Warning:
this component has no documented requirements. A new requirements page should be created and linked to this component.
Contents |
The caffeinated node watchdog is a component which runs in the background of a Nitro caffeinated node and monitors for situations that could cause or have caused the state of the node as derived from Espresso to differ from the state implied by the finalized L1 (i.e. the state that the rollup will eventually finalize). This can happen due to safety violations in Espresso, bugs in the caffeinated node, edge cases like force inclusion, etc.
Such cases are viewed as severe and exceptionally rare, so that the main concern is detecting them and preventing or limiting potential loss of funds caused by the caffeinated node giving out invalid states. Recovering gracefully is viewed as less important. When the watchdog detects such a case, it will panic the caffeinated node, at which point it is expected that clients will fall back to a slower but more reliable vanilla Nitro node deriving from L1.
Tech Debt:
This entire component is tech debt. Eventually we want the caffeinated node to smoothly handle even the most catastrophic cases by deriving from both Espresso and the L1, and reorging the chain in case the L1 derivation eventually catches up to the Espresso derivation but reaches an inconsistent state.
The watchdog consists of several tasks which run asynchronously to monitor different circumstances which could cause an inconsistency in the state derivation. Any one of these tasks can kill the whole process. Where possible, we try to detect circumstances that could cause an inconsistent state but haven’t yet, and panic before the node ever reports an insconsistent state (e.g. Force Inclusion Checker). However, in cases that should never happen but could if there is a bug in the caffeinated node or in Espresso, the best we can do is detect inconsistencies soon after the fact and panic to limit the damage (e.g. State Checker).

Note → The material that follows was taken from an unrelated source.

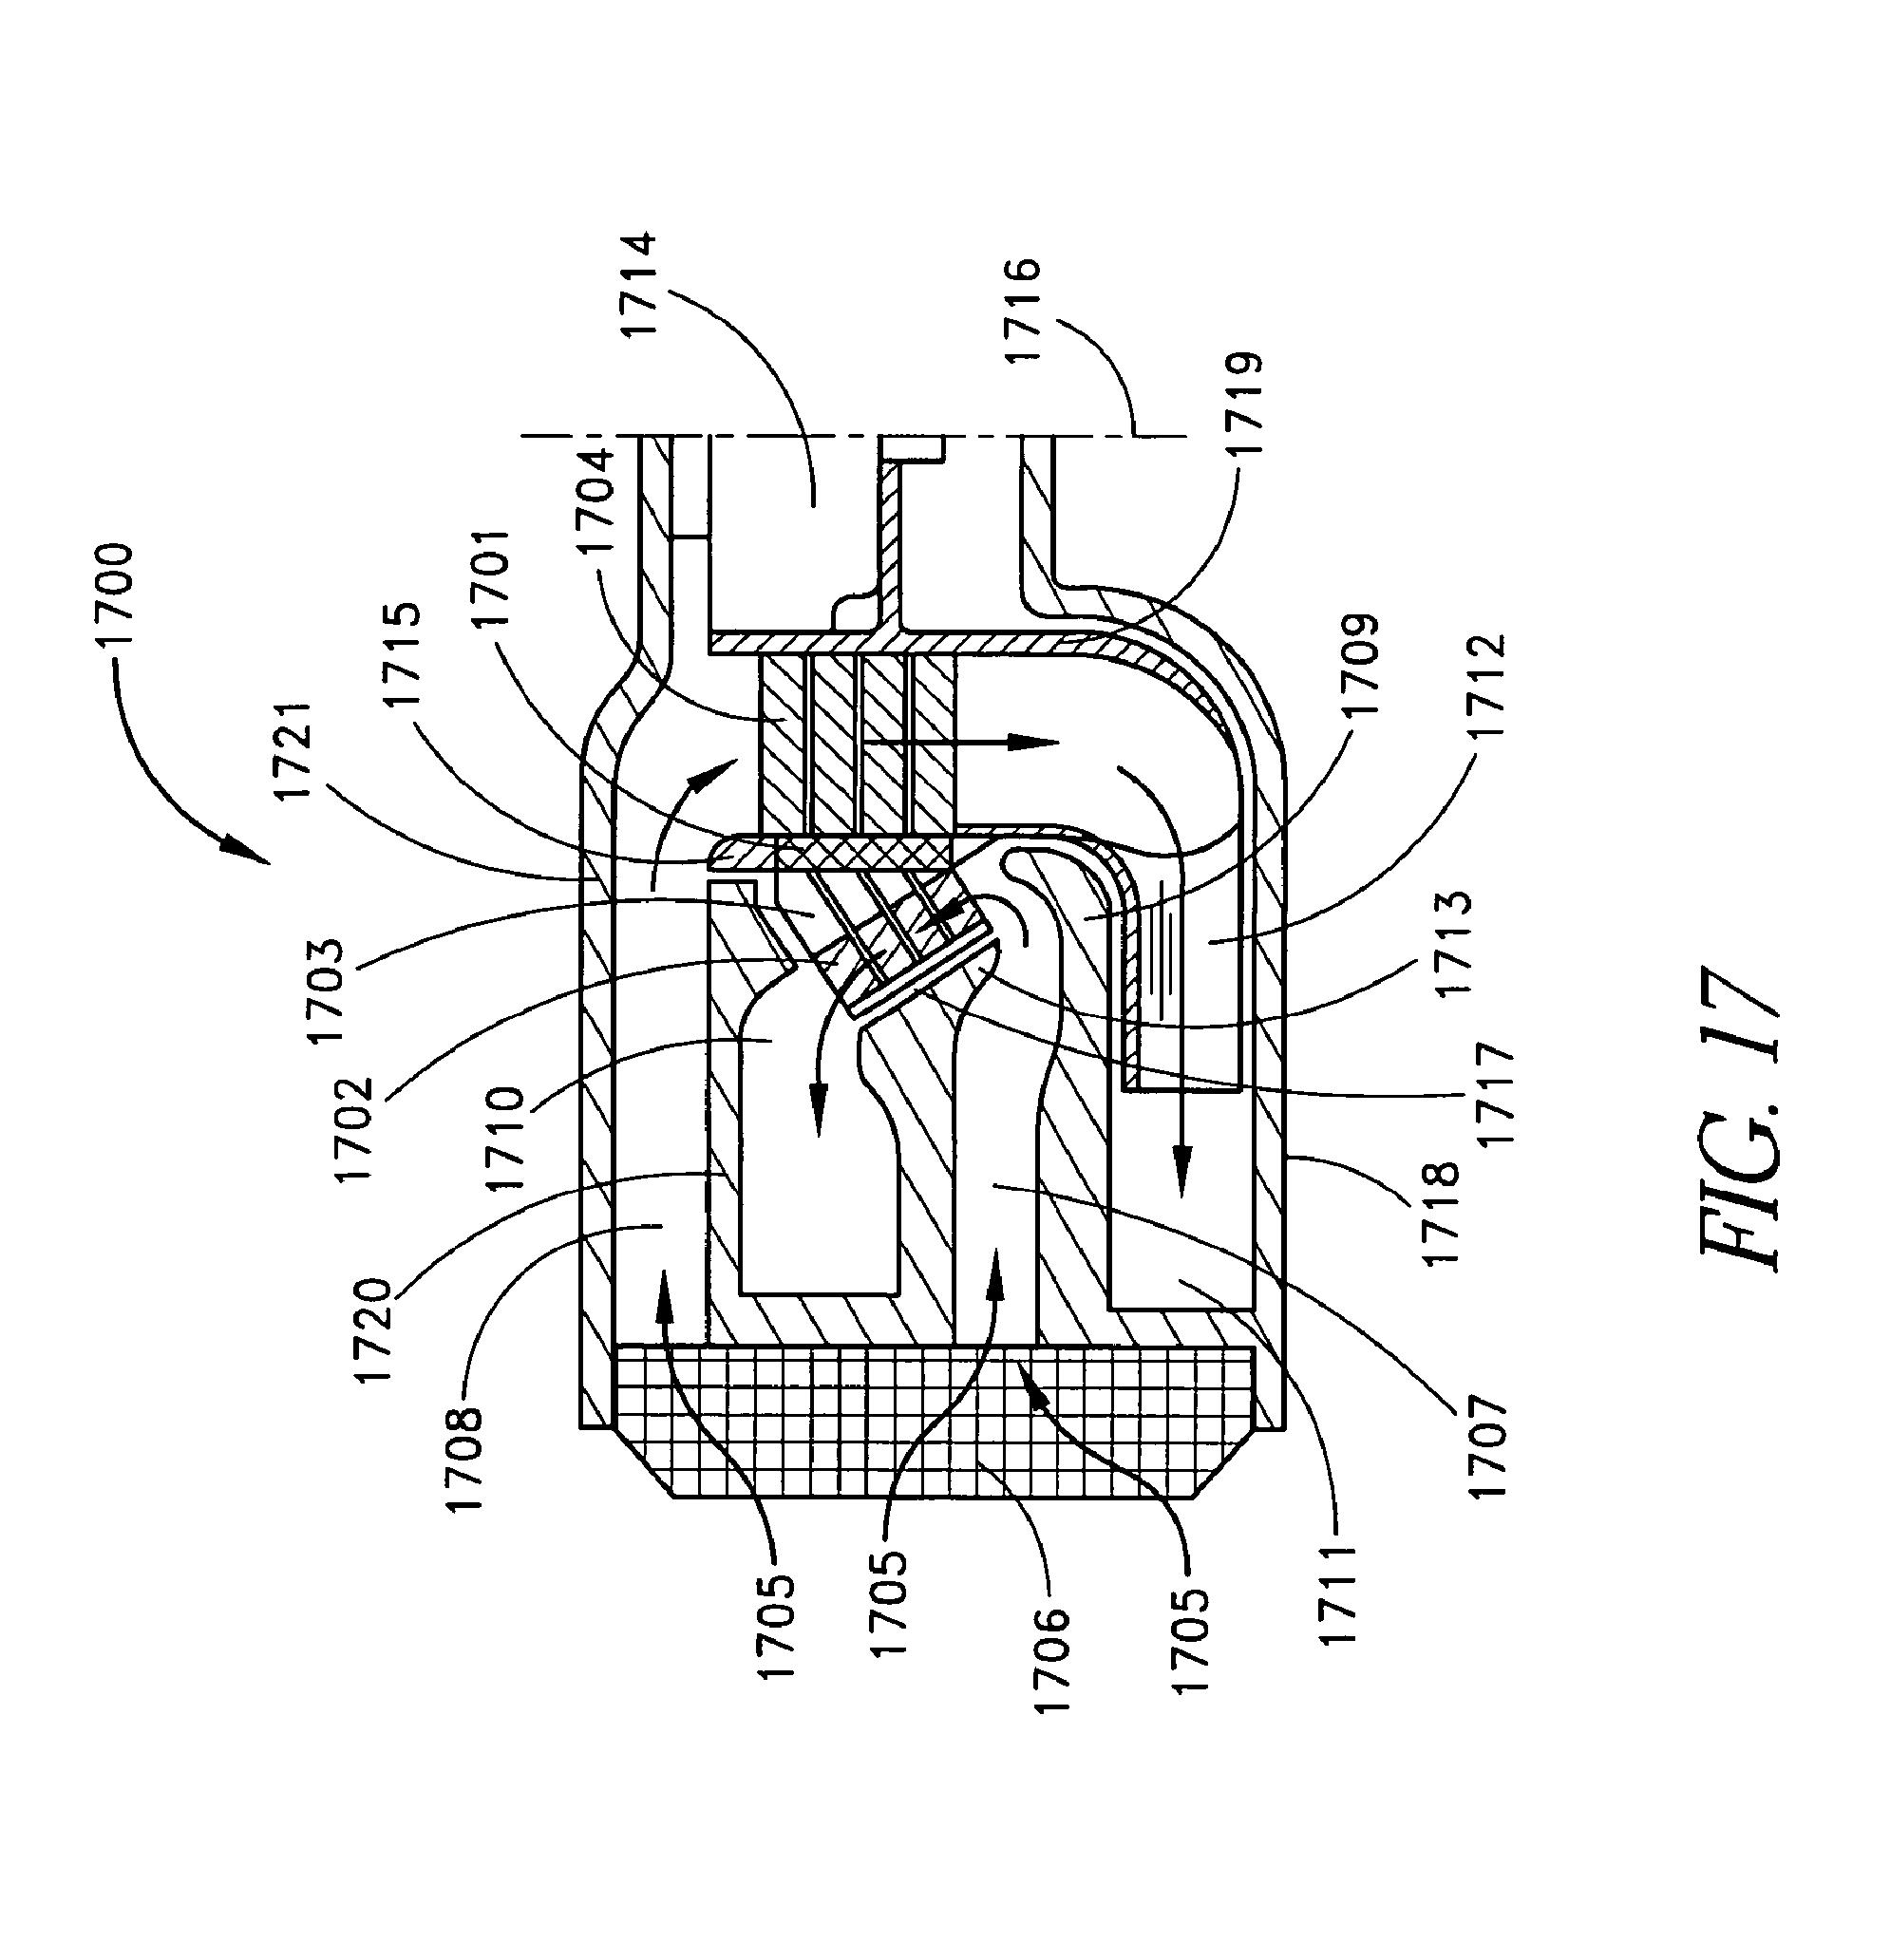 patent usre44272 thermoelectric heat exchanger google. Black Bedroom Furniture Sets. Home Design Ideas
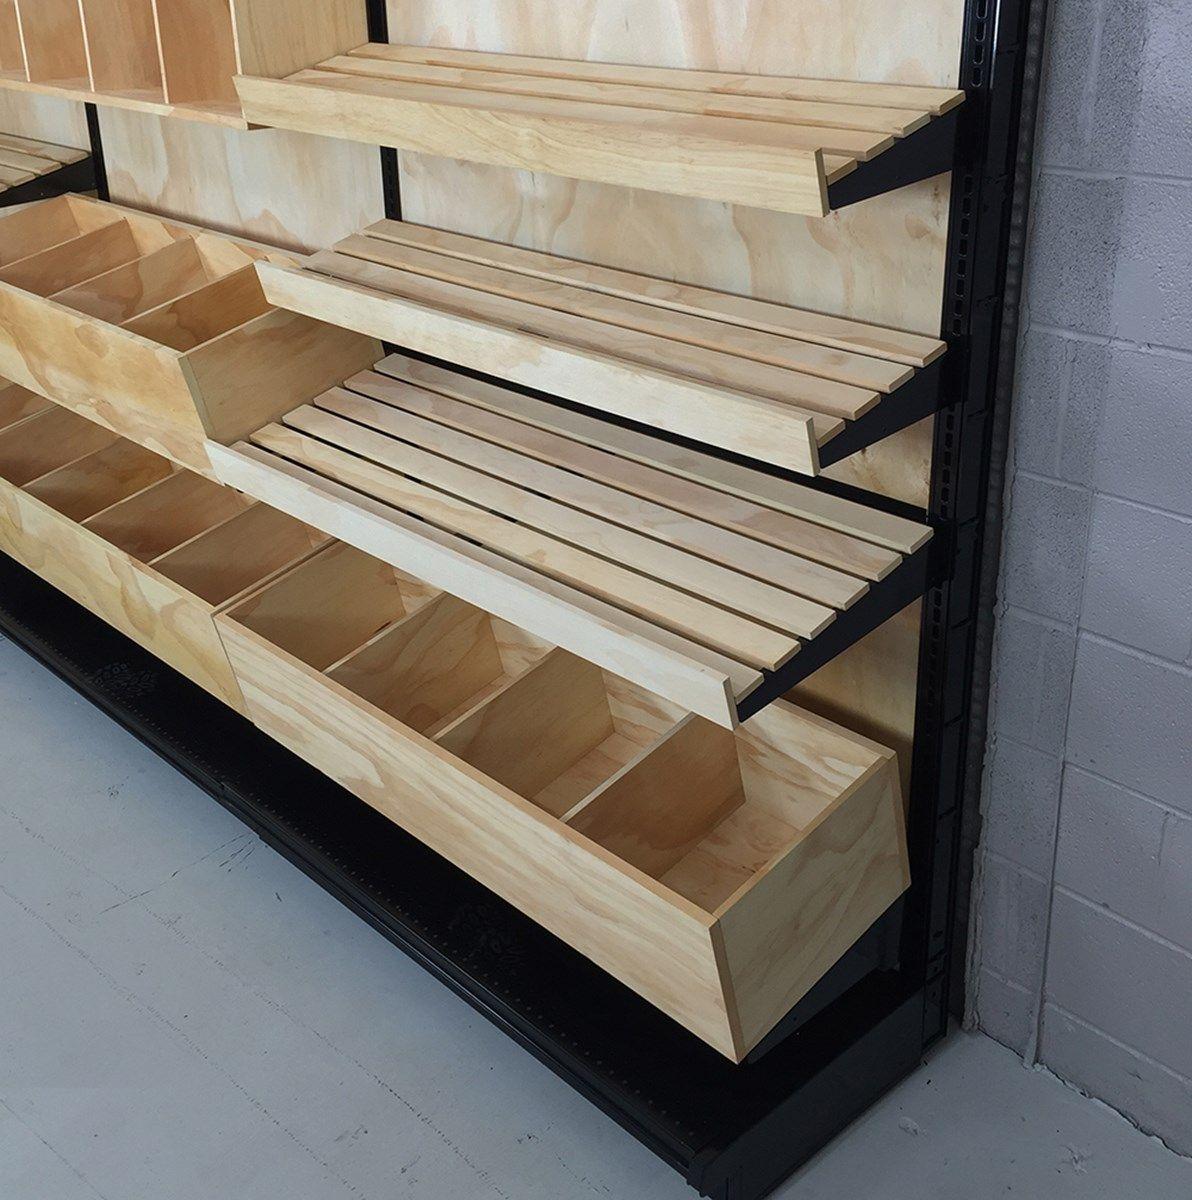 Wood Slat Shelving Bakery Display

This component is responsible for checking if a message might be force included. It is highly important for the security of Espresso confirmations to check if a delayed message is nearing the force inclusion window on the Sequencer inbox due to a potentially malicious sequencer. As a feature, Nitro allows delayed messages that are submitted to the l1 direcctly to be force included via a call to the SequencerInbox on the rollups parent chain as a way to short circut malicuous sequencers attempting to censor the messages. As this message would sidestep the batch posting process this message has a different route into the rollups final state that doesn’t involve posting the transaction to Espresso which would invalidate Espresso confirmations.
As the CaffNode’s responsibility is to provide execution and state updates related to Espresso confimation securely, If a message is force included and not sent to Espresso, the CaffNode would incorrectly produce it’s internal state and serve incorrect data to any consumers of its its rpc To handle this case the caff node will panic if a message is near the window for force inclusion. Because force inclusion is a currently a drastic case that requires a malicious, currently centralized, sequencer to occur. Panicking the process is drastic, but fundamentally prevents the loss of funds, so losing temporary performance and liveness is an acceptable solution. This approach also gives time/notice for human by intervention to run a non-malicious sequencing service on the network to properly include the delayed message with an honest batch poster and thus prevent force inclusion.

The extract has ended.